Heathrow (Third Runway)
Given the vital importance to the Highlands and Islands of access in order to export our fine malt whiskies, our high-quality salmon and shellfish and many other products, will the Scottish Government provide its full-throated and unequivocal support for the third runway at Heathrow, which is the future gateway for Scottish Highlands and Islands exports to the willing world?
The decision to allow expansion at Heathrow airport lies exclusively with the United Kingdom Government. The Scottish Government will engage closely with the UK Government and Heathrow airport to understand any potential impact of its expansion on Scotland, particularly on our climate targets and connectivity.
I share Mr Ewing’s aspiration that Scottish goods should be able to get to market as quickly as possible, but I am reminded that, when I was in Shetland a few months ago, the fish sector explained to me the obstacles that are in its way to get its products to market because of the stupid procedures that are involved in Brexit, which are deeply damaging to our economy.

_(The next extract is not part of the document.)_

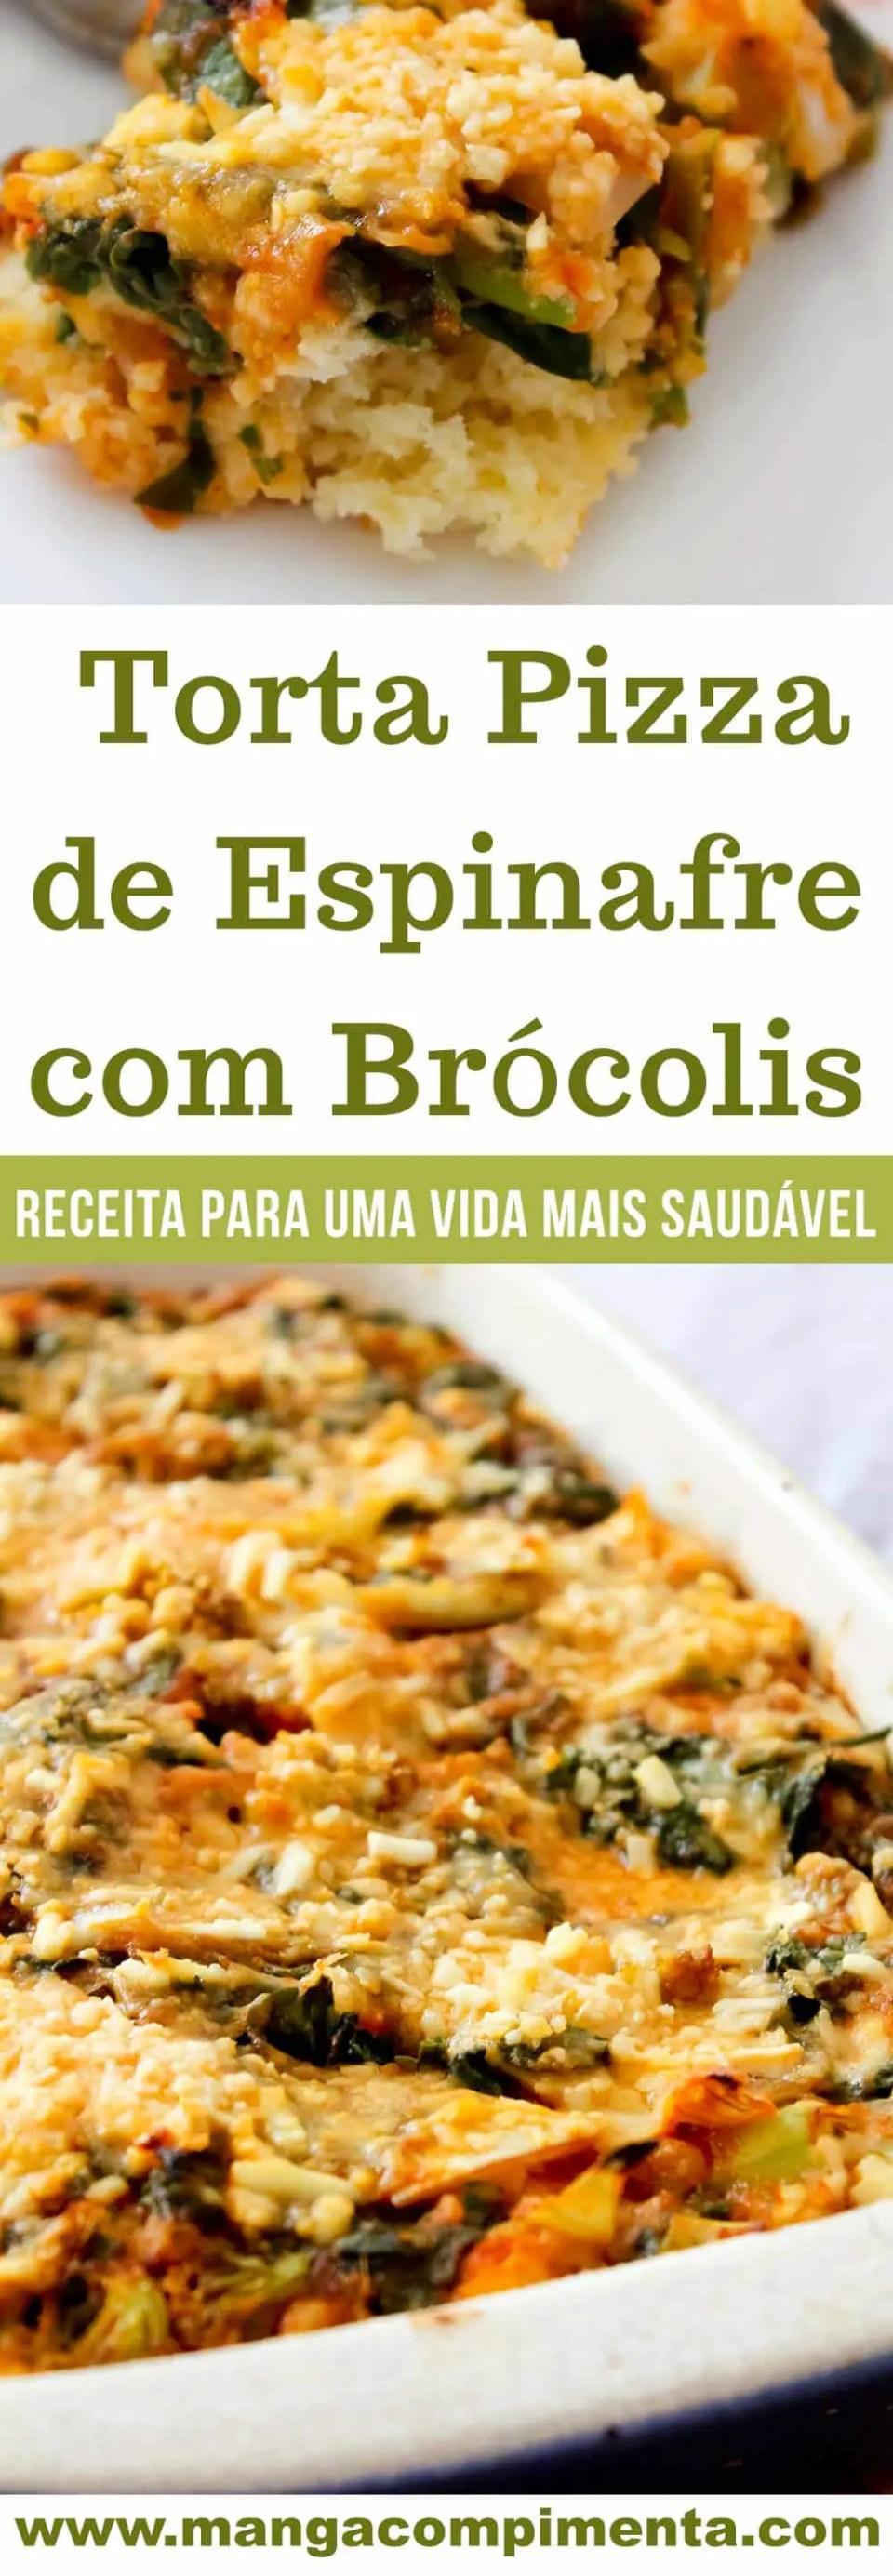 Torta Pizza de Espinafre com Brócolis - um prato delicioso para o lanche da tarde!

If we want to get Scottish produce more quickly from the Shetland Islands and other communities in Scotland to European markets, the immediate priority of my Government would be to get agreements in place with the European Union that would allow freer trade to be undertaken. What I say to people in Scotland is that they have to understand the colossal damage that was done to our country’s economy by Brexit, which was inflicted on us by a bad deal by the Conservatives. I hope that the Labour Government will do something to rectify that, because it is undermining the Scottish economy.
Car Usage Reduction (2030 Target)
Today, the Auditor General and the Accounts Commission have said that the Scottish Government has made “minimal progress” on its target to reduce car usage by 2030 and that the target has no clear delivery plan—that always sounds familiar. To reduce car usage, it is essential to have affordable public transport, yet, under the Scottish National Party, Scots seem to be turning away from those services in droves. Does the First Minister believe that the 2030 target is still achievable, or is it another headline-grabbing deadline that was never going to be delivered?
The Government has made a range of interventions to improve access to public transport. For example, more than 2 million children, young people, disabled people and older people in Scotland are now benefiting from free bus travel. Throughout Scotland, more than 150 million bus journeys have been made by children and young people under 22, using their free entitlement. We have been working to expand the opportunities for people to safely walk, wheel and cycle, with the expansion of the network to around 450 miles of routes for walking, wheeling and cycling.
The Government will do that as part of its plans, but it is, frankly, laughable for Sue Webber to take me to task on the issue. Every time that a measure is presented to Parliament that might change any of those patterns of behaviour, who opposes it? The Conservatives do—every single one of them, and then they come here every week and posture with empty rhetoric about such issues. If Sue Webber wants investment in public transport, I gently and respectfully encourage her to vote for the budget that will pay for it, instead of wasting her time coming here and posturing on a weekly basis.
That concludes First Minister’s question time. There will now be a short suspension to allow those leaving the chamber and the public gallery to do so.